Recorded data Block Start

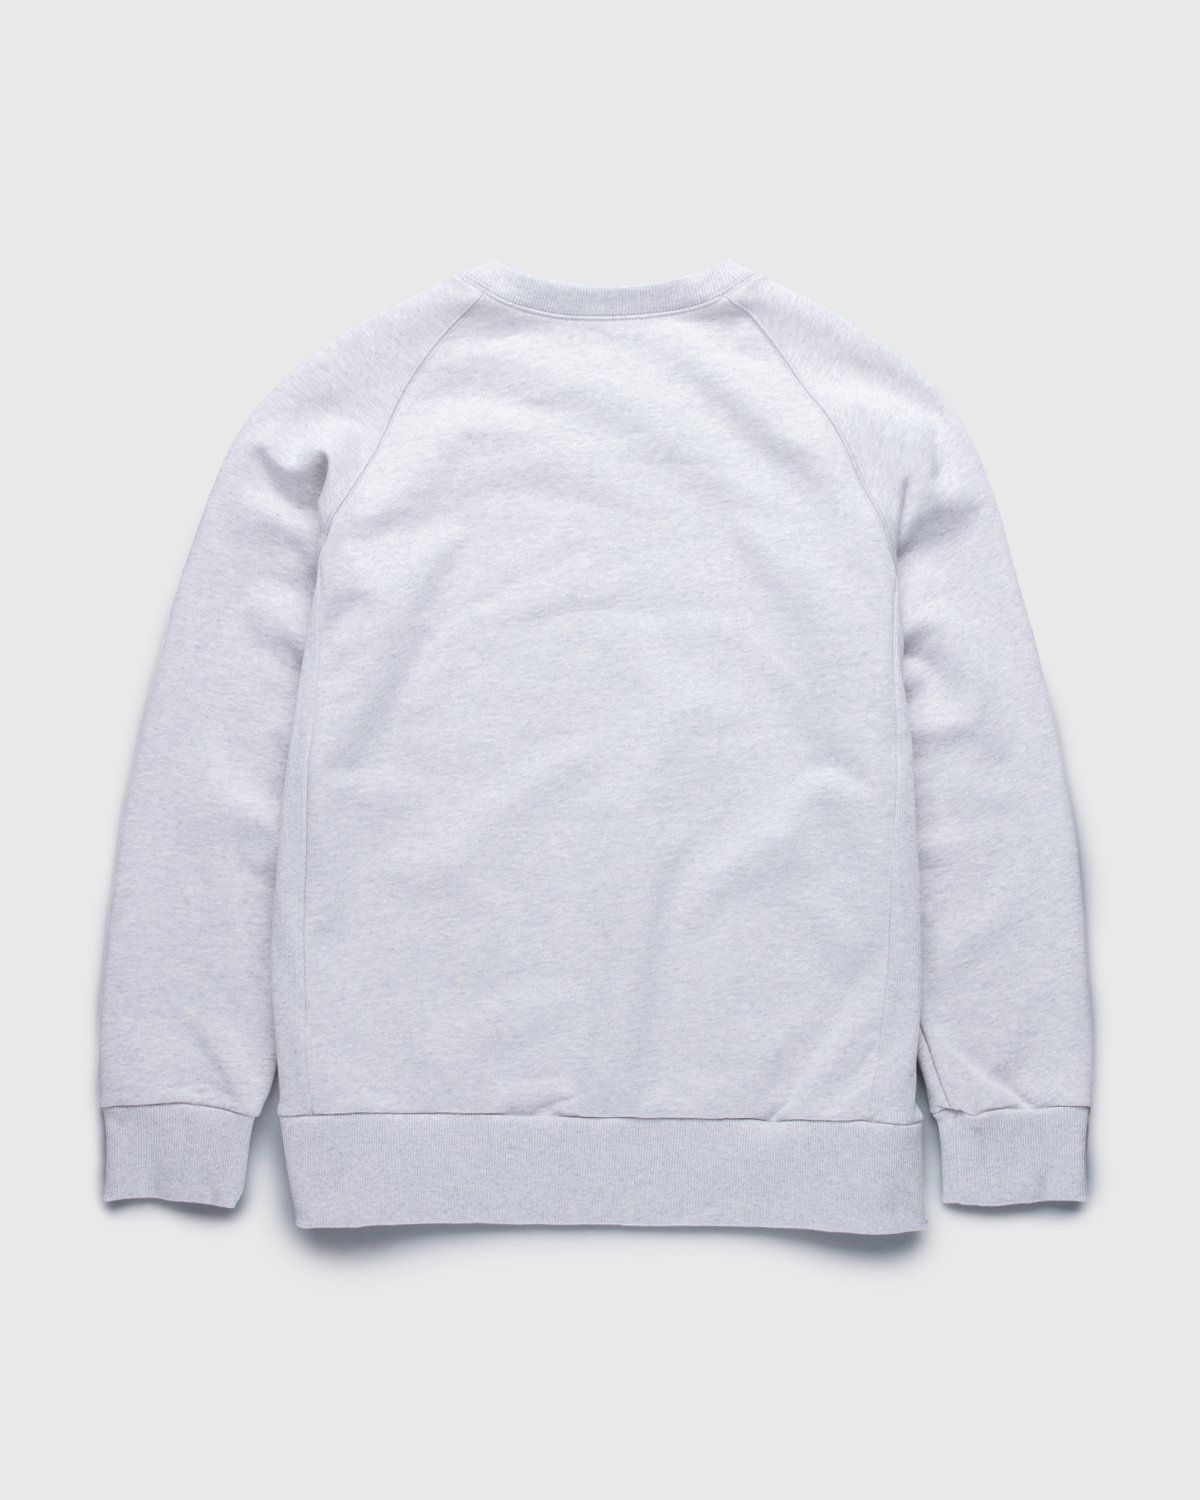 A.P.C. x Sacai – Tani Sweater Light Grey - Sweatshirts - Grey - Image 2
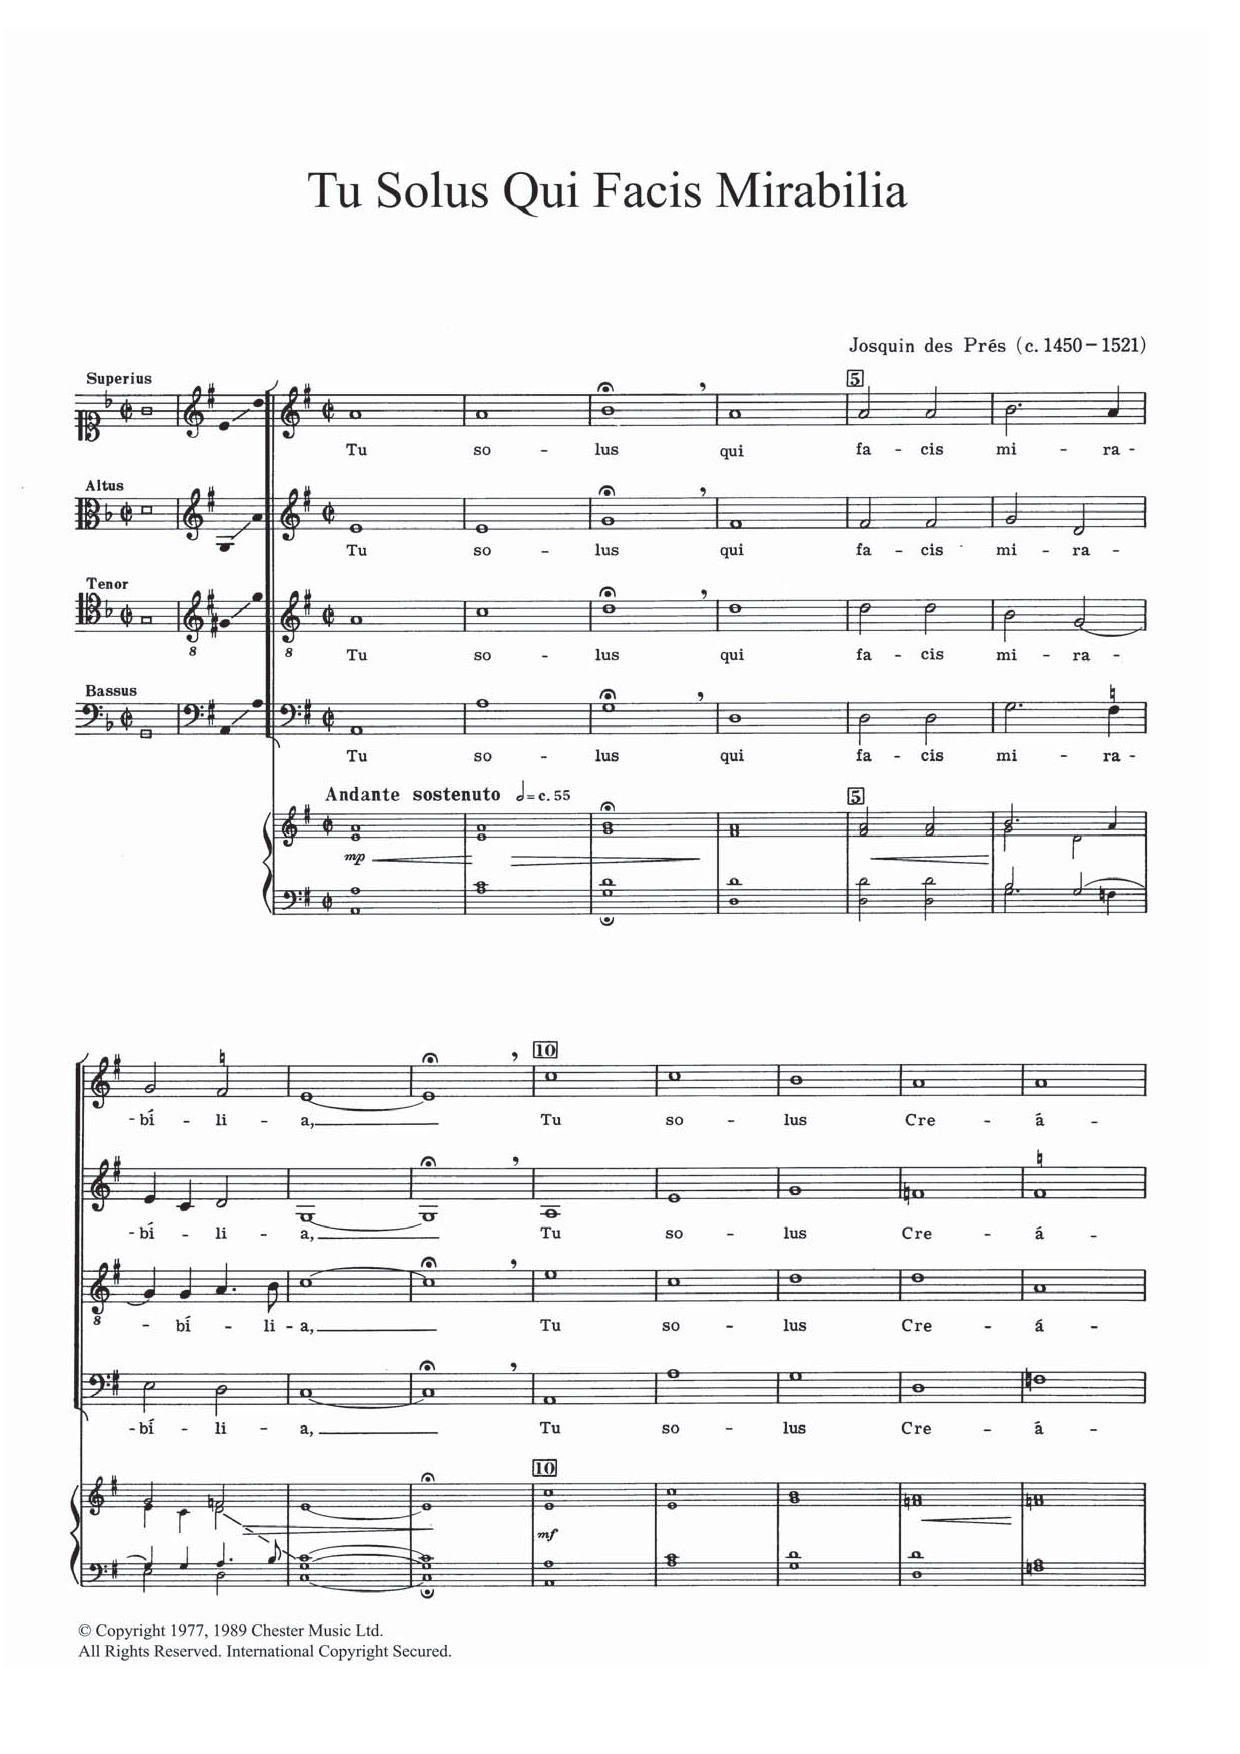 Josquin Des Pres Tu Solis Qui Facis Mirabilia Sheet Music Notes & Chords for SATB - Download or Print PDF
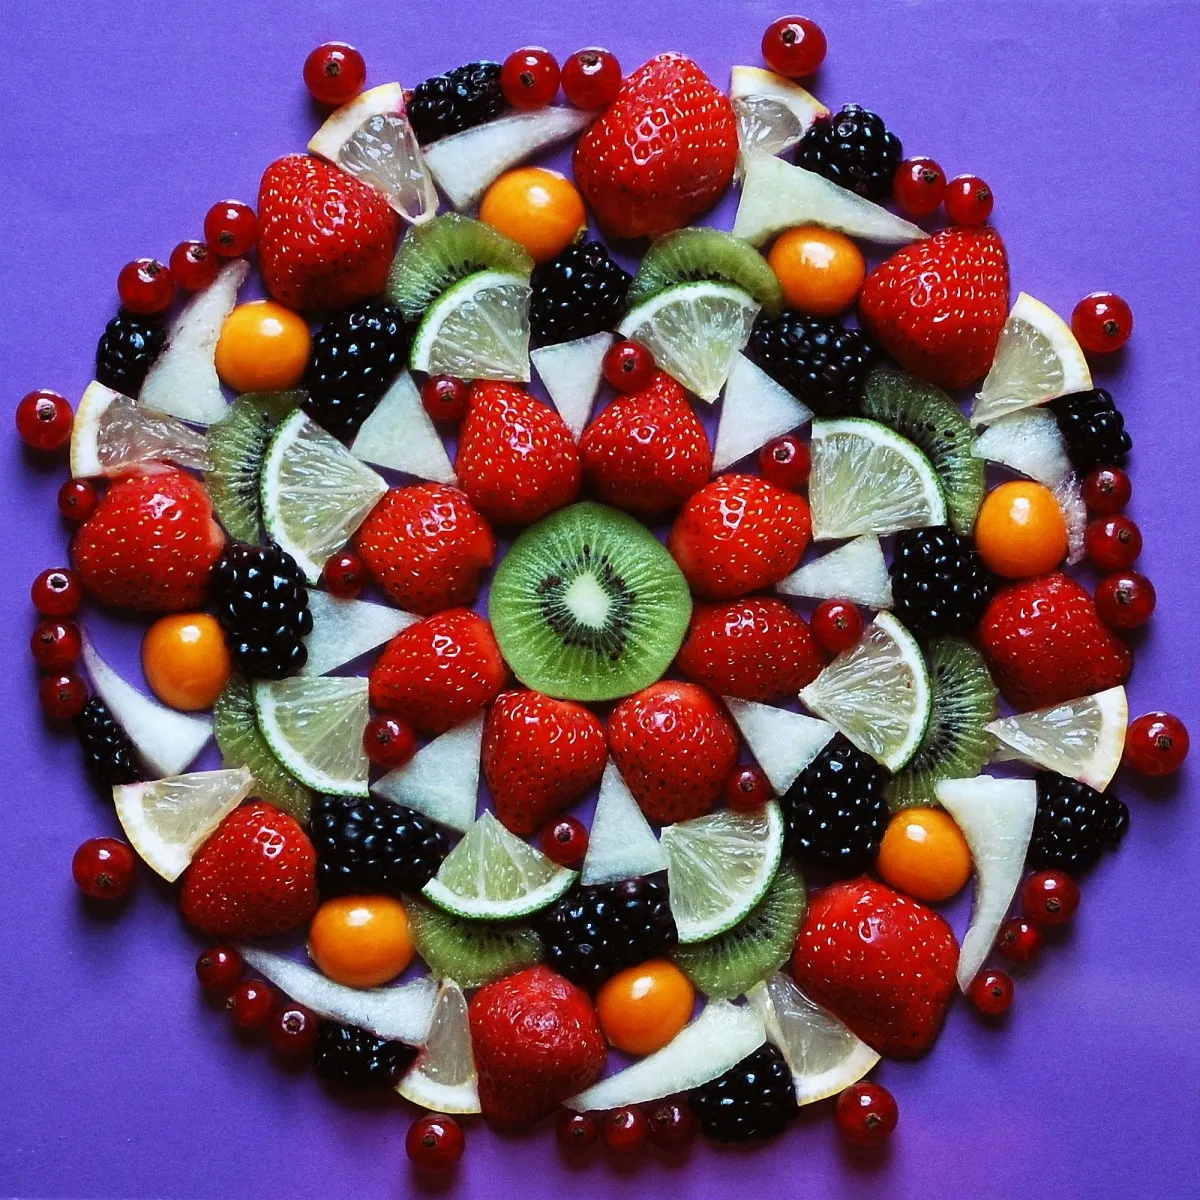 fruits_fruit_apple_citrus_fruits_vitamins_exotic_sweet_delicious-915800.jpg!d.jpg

Recorded data Block End

Requirement — Please reproduce the lines exactly from the one containing "Josquin Des Pres" through the last line of the data above, and keep the pictures out.

Worked solution —
 Josquin Des Pres Tu Solis Qui Facis Mirabilia Sheet Music Notes & Chords for SATB - Download or Print PDF
 fruits_fruit_apple_citrus_fruits_vitamins_exotic_sweet_delicious-915800.jpg!d.jpg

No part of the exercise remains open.